My family was fortunate enough to reside in the Nickersons in some of its best years. For them, the Nickersons lived up to its promise. They were happy to make a home at 1221 E. Imperial (Unit 217) and the 1,065 other units that constituted the 156 buildings on the sprawling 69.6 acre complex provided the same for hundreds of thousands of Black people— their neighbors, those who came before them and after them. Many of whom, in those first decades at least, were brand new to Los Angeles.
My family didn’t live there long, but they were there long enough for my mom to attend 112th Street elementary for a year and complete a semester at Gompers. By the second half of the 7th grade she was enrolled at Horace Mann Middle School which was closer to the home my granny and grandfather purchased on Cimarron Street. When they moved in, they were the first Black family to live on the 8600 block of Cimarron off of Manchester Blvd. (the 5900 block would later be immortalized on film as the neighborhood of Tre, Ricky, Doughboy, and Brandi in the 1991 film Boyz N the Hood).
While writing this, I took a break to call my mom for fact-checking purposes. During our conversation, I asked her if she ever ate at Hawkins Burgers and she asked me how I knew what Hawkins burgers was. I grew up on the west side so the east side is like a taboo for us. Although my mother worked in Watts at King hospital for decades (you may remember it as the hospital Caine went to after he was shot in Menace II Society, 1993) she didn’t do anything else on that side of town and while growing up, I was told in no uncertain terms that I had no business being over there.
She confirmed that she had gone to the original Hawkins Burgers, way back when, before eminent domain demolished all of the houses behind it to construct the 105 Freeway. My mother said she knew the Hawkins family, who had been in the area since the 1930s. Everyone in the neighborhood did. She told me they used to own a funeral home and a few other businesses. She said that the current house isn’t the original structure. A lot had changed in the Nickersons since she lived there in 1964-65.
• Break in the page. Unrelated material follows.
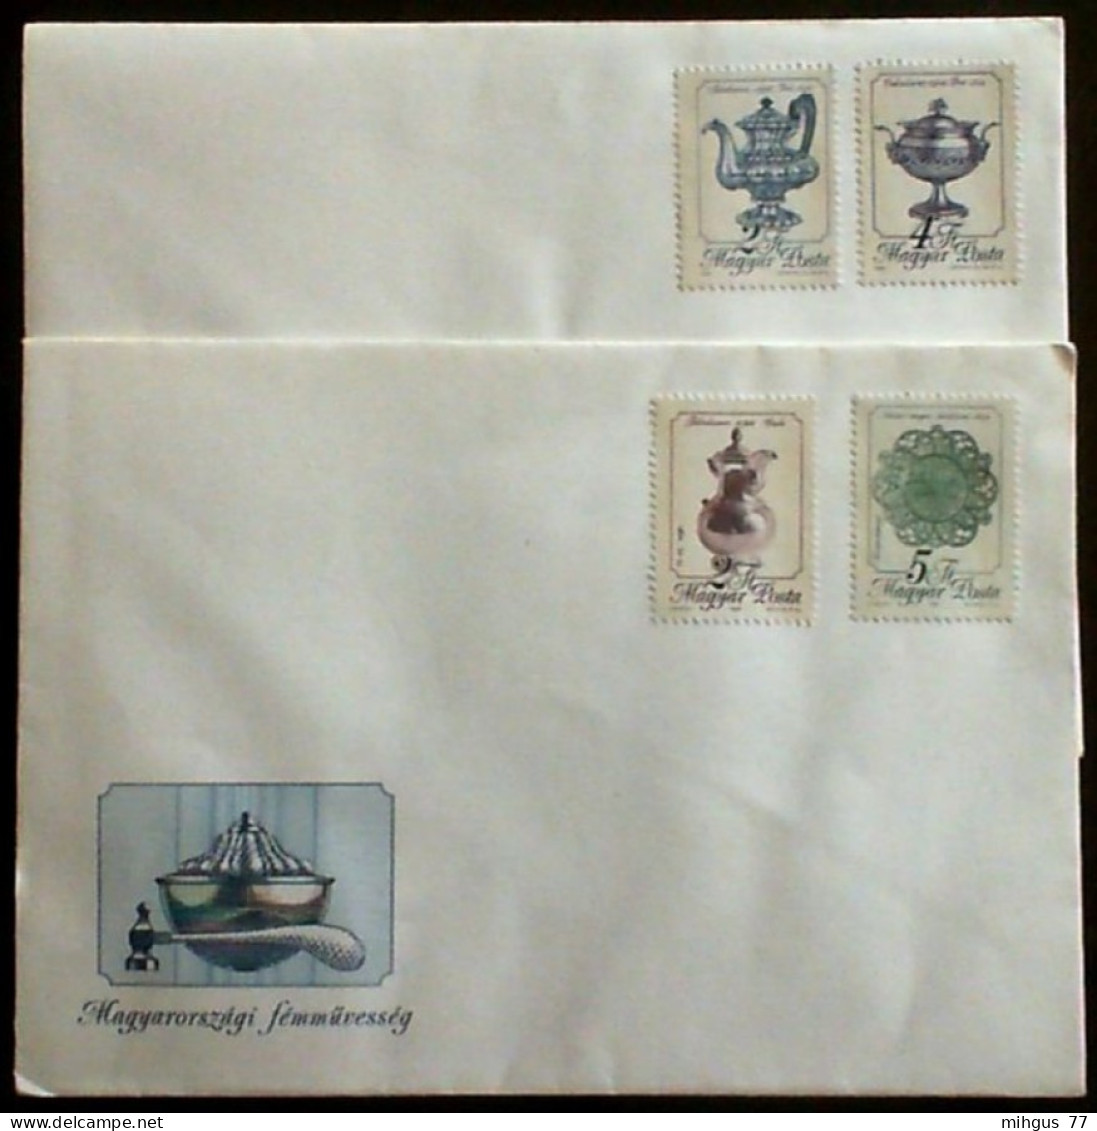 Hungary 1988 FDC Covers - Covers & Documents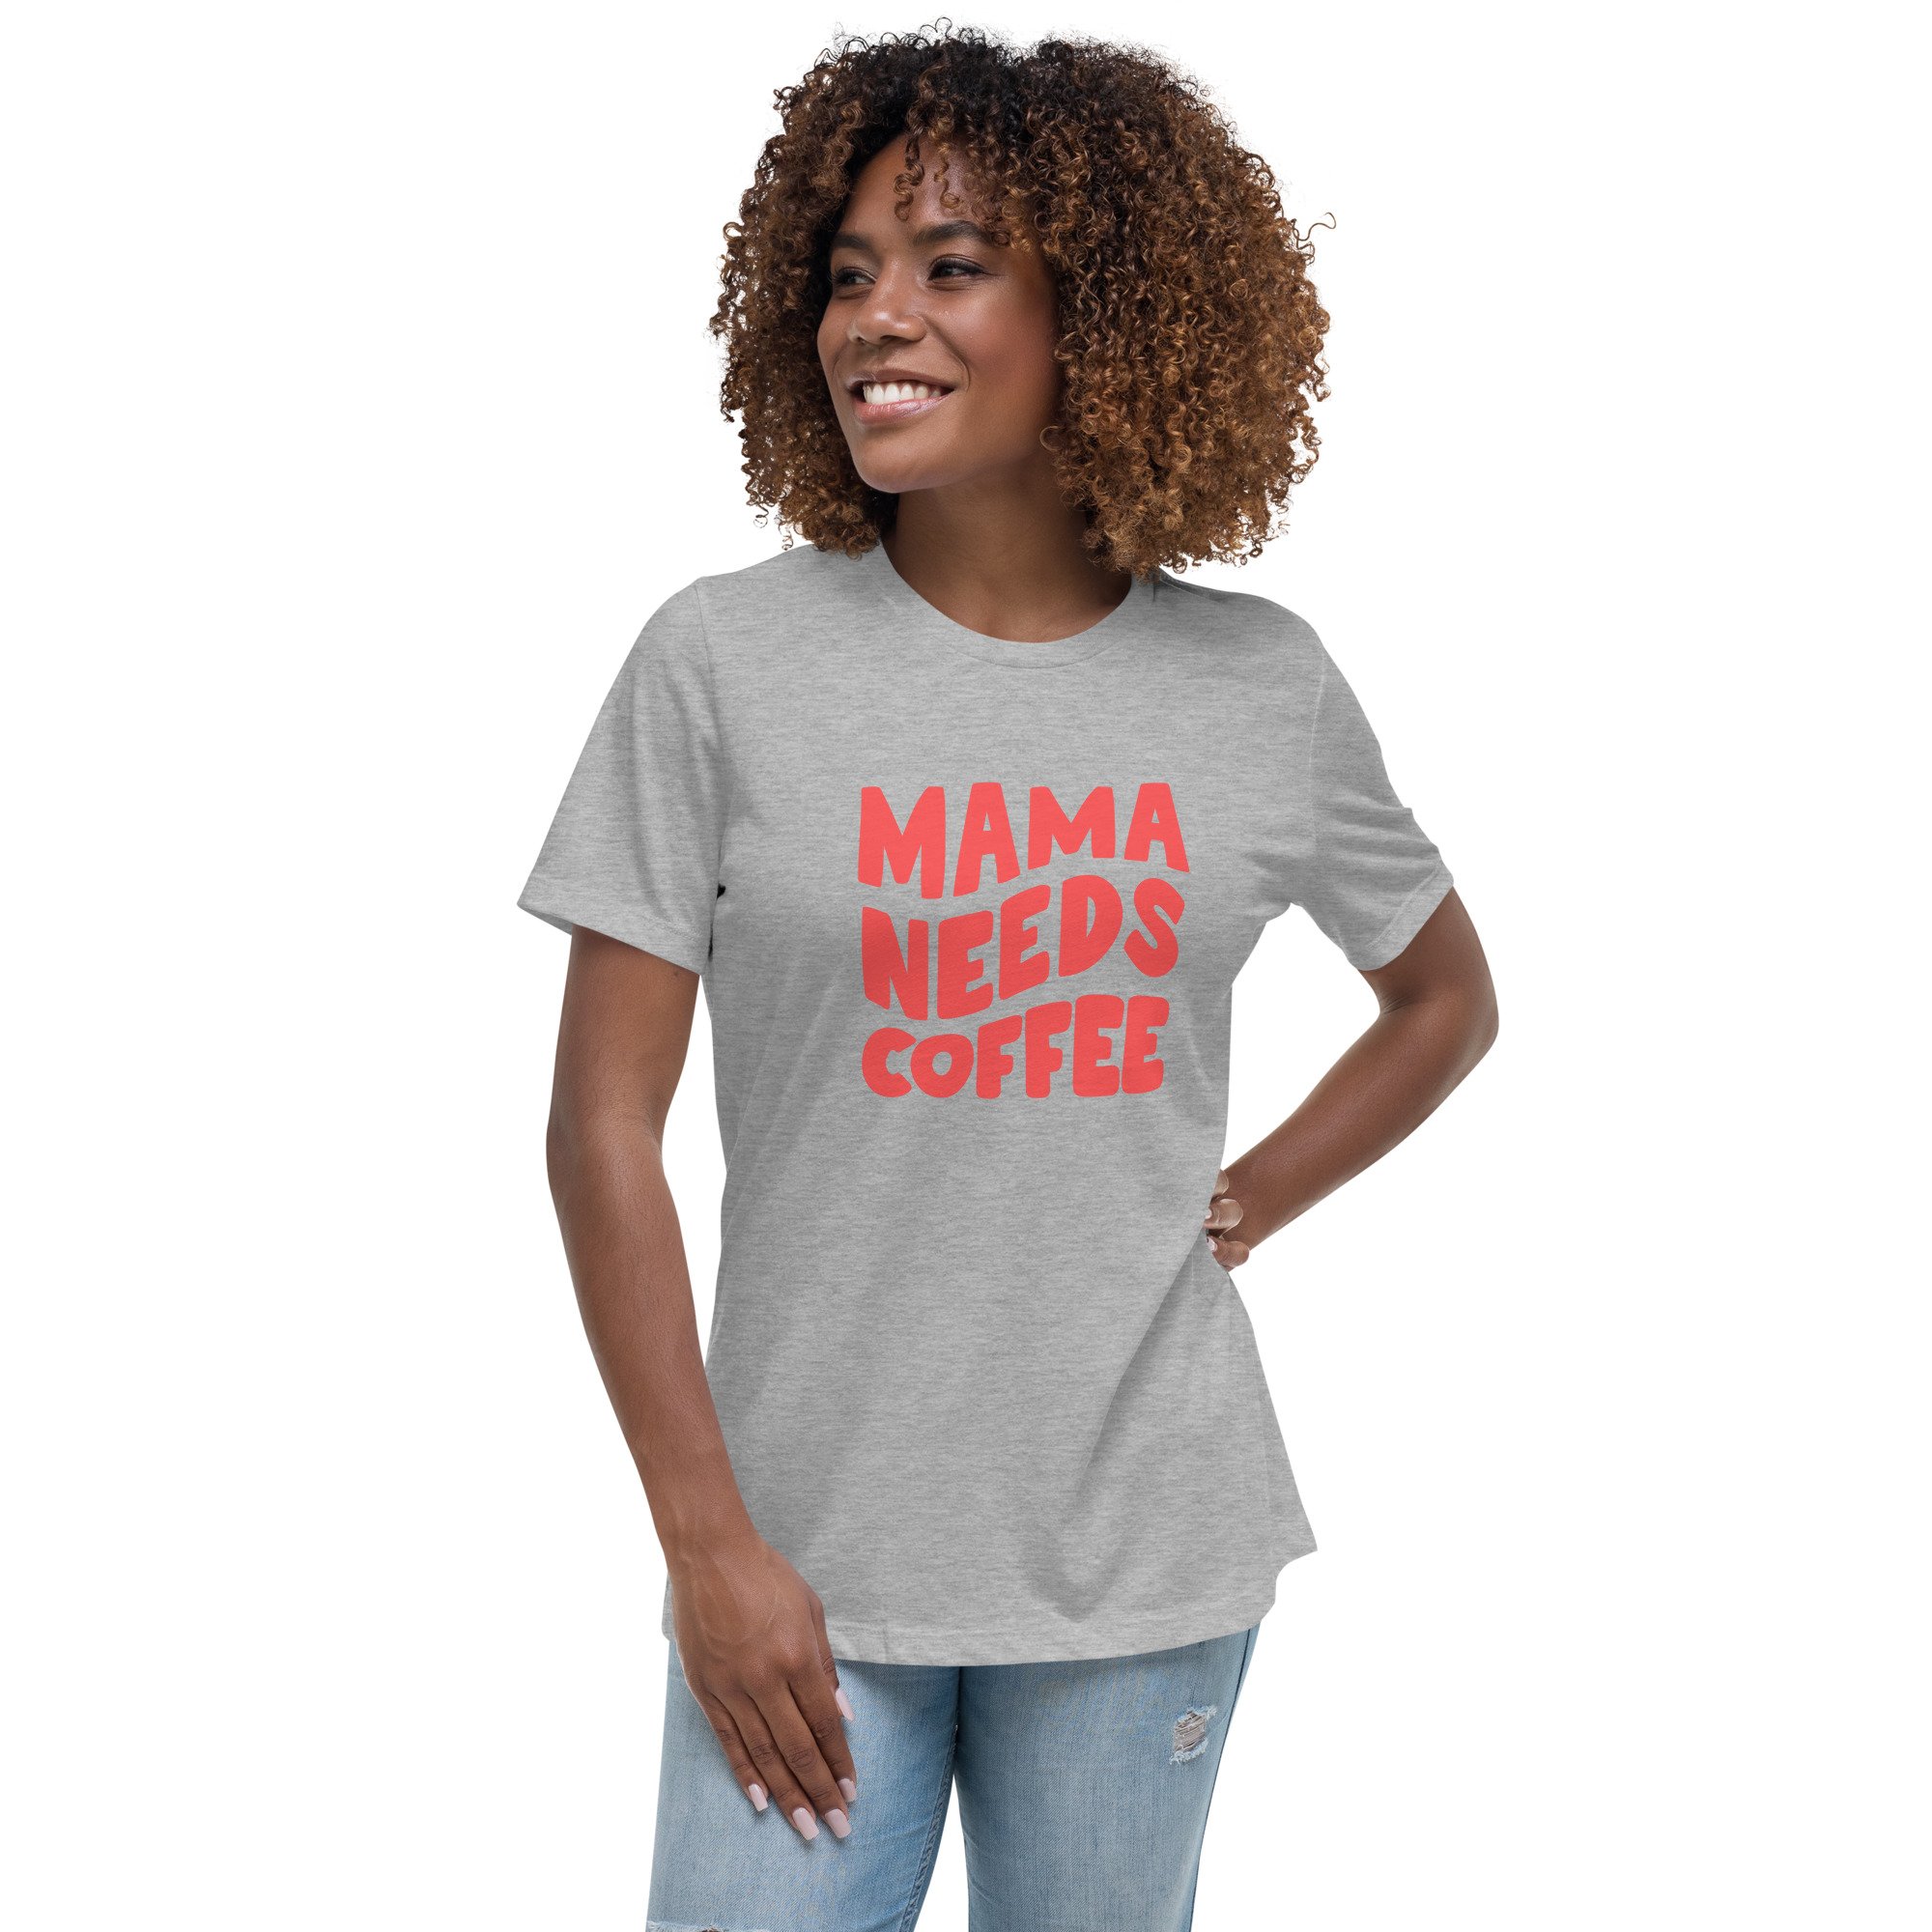 https://images.squarespace-cdn.com/content/v1/624a3afd8ad5ba41fea1364a/1680553217154-Q2AM2WGCWHDWAMEY09UC/womens-relaxed-t-shirt-athletic-heather-front-642b34f89fabe.jpg

She described the Nickerson’s to me-- the courtyard in the center, the way the clothes lines were erected behind all of the units. I told her “They’re still there.” “How do you know?” she asked. So I showed her Khalil Joseph’s short film “Until the Quiet Comes,” a visual component to electronic music producer Flying Lotus’ album of the same name. It’s set in Nickerson Gardens.
Via FaceTime, I watched her watch the video in silence. She didn’t really have too many comments afterwards. I also didn’t press her about it. She only lived there briefly and even though she worked around the corner at King Hospital for decades, she never really returned to the Nickersons after the day the family moved out in 1965 just a few short months after the Watts Uprising rocked the city. Considering the fact that she hasn’t been back physically, I’m sure she’s not super interested in going back mentally either. So I let it be but if that complex could talk, the stories I think it would tell.
Thank you to the Nickerson Family. Your family has touched the lives of so many other Black families in Los Angeles and we are mourning this tragedy right alongside you.
With love,
-Brooklyne.
I’ve been thinking about different kinds of gardens recently and this post recontextualized Nickerson Gardens as a garden that cultivates and grows people 🌱 Thank you for sharing this history of the land and your family!